Guideline signals support for rural homestays


Tourists prepare food at a rural homestay in Binzhou, Shandong province. [PHOTO BY CHU BAORUI/FOR CHINA DAILY]

Rural homestays, one of the propellants of the nation”s rural vitalization and economic recovery, are attracting more resources and investments both from the central government and the private sector thanks to rosy growth prospects.

Earlier in July, 10 central departments including the Ministry of Culture and Tourism, the Ministry of Natural Resources and the National Rural Revitalization Administration released a guideline for more scientific and comprehensive planning of rural homestay development.

In the guideline, the development of rural homestays is to be included in the overall planning of the tourism industry, land management and economic development to make sure that homestay construction won’t damage farmland or the environment.

The design and construction of homestays are encouraged to include elements of local customs and natural views.

Operators of homestays are also encouraged to tailor different products that are reasonably priced to attract travelers, such as agricultural experiences and handicraft activities.

Industry associations, vocational schools and companies are also encouraged to channel their resources to help train talent in homestay design, construction, management and services.
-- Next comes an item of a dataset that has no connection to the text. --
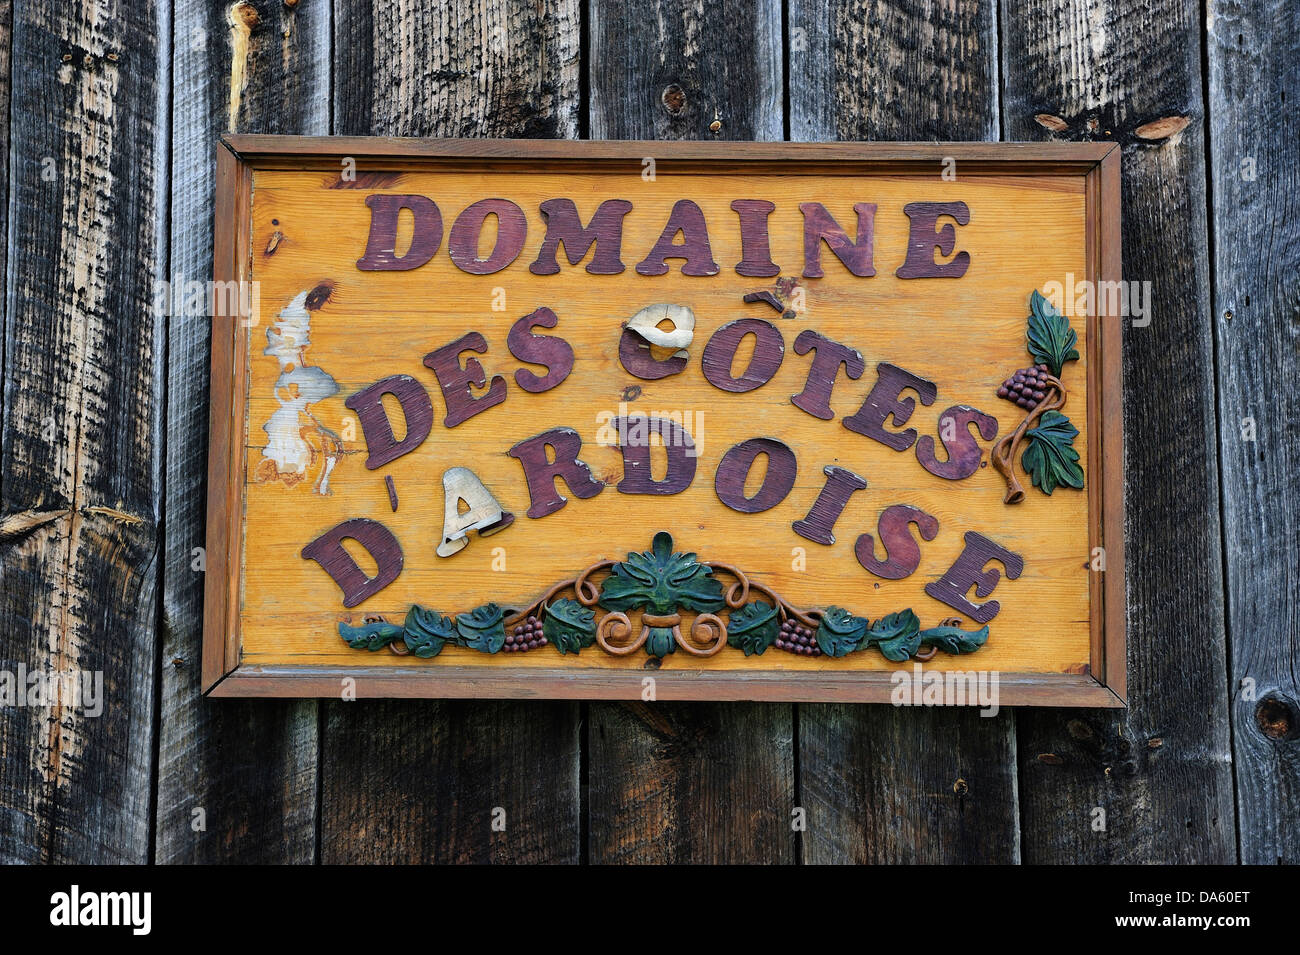 Canada, Eastern Townships, Wine Route, Quebec, Dunham, Vineyards, domaine des cotes d'Ardoise, sign, grapes, vine, wine, wood Stock Photo
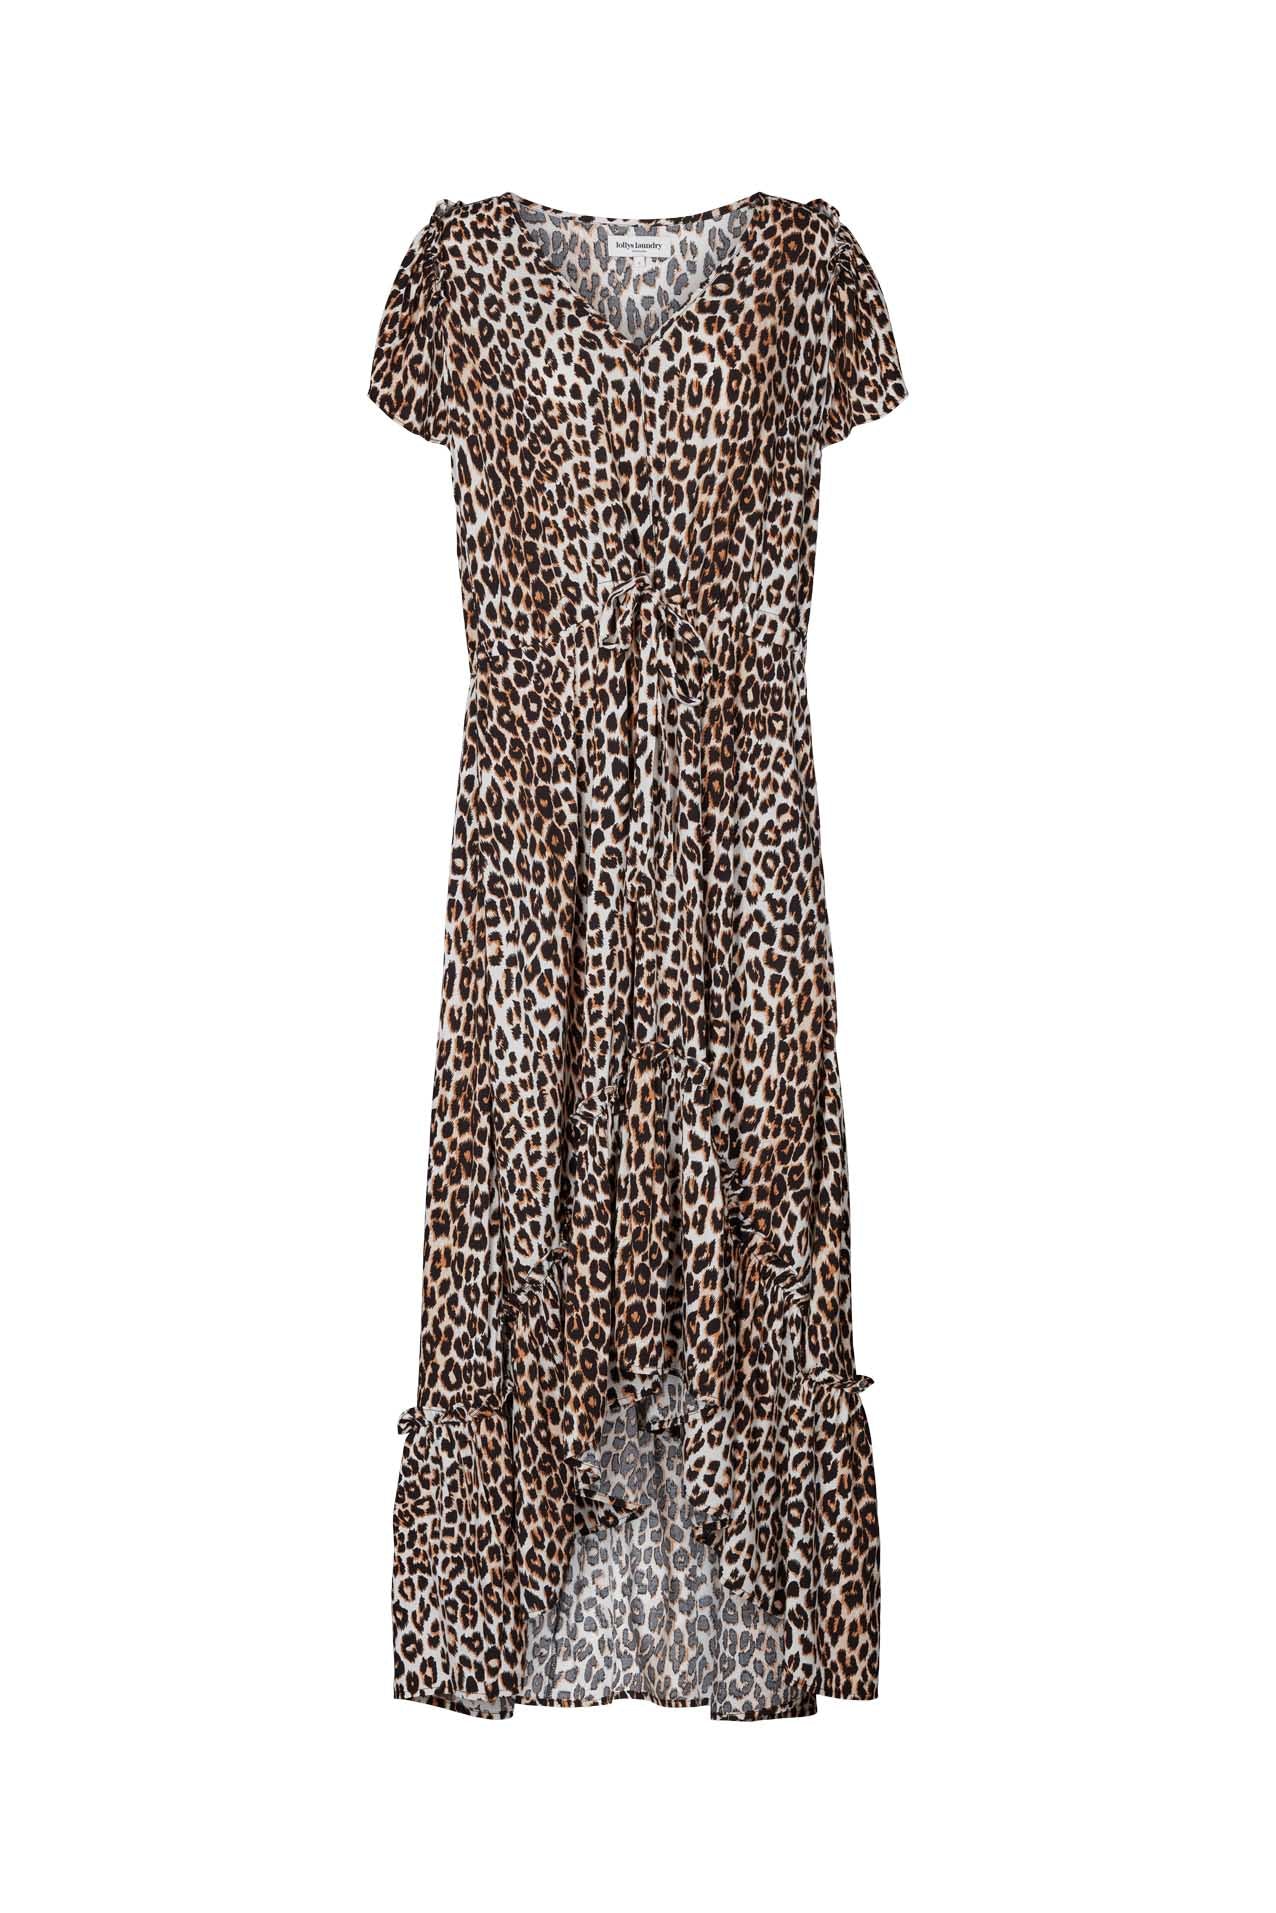 Lollys Laundry Odessa Dress Dress 72 Leopard Print

Migrant workers and college graduates will enjoy more supporting policies if they return to their hometown to start a homestay, according to the guideline.

“The homestay is a result of the sharing economy, which has developed in its natural course without systematic management,” said Zhu Shengxuan, founder of Xband Tourism Group, a Shanghai-headquartered homestay company.

“Developing the homestay industry is an important driver for rural vitalization,” he said.

Hu Yang, vice-president of Tujia, a property rental platform and homestay operator, praised the guideline and noted travelers have shown a growing preference for rural homestays in the past few years.

“The COVID-19 epidemic has changed people’s traveling preferences, under which self-driving and short-distance tours to the countryside have outperformed traditional long-distance trips. Travelers now prefer trips with better privacy, natural views and a rural culture experience, making rural homestays are the best choice for them,” he said.

He added that encouraging villagers to use their vacant land to build homestays can help bring these land resources back into active use. “It’s also a key point for rural homestay development in the next three years to encourage farmers to operate their own homestays using their own houses, which can help them increase incomes.”

Zha Tingting, director of Tuniu’s short-distance travel division, said: “Opening homestays in rural areas has become a popular choice for entrepreneurs thanks to the increasing popularity of rural tourism and official policies on vitalizing the countryside. It’s a good way to invigorate the countryside rural economy and attract young people to find jobs there.”

Hu Yang, Tujia’s vice-president, said that the high investment and lower occupancy rate during the low season make it difficult for homestay operators.

He hoped that the nation can give some tax breaks to rural homestay operators, or subsidized loans. Online travel platforms can also give coupons to their users to attract them to stay in rural homestays at off-peak times.

In 2020, the Ministry of Agriculture and Rural Affairs projected the rural tourism market would generate over 1.2 trillion yuan ($173 billion) in revenue by 2025.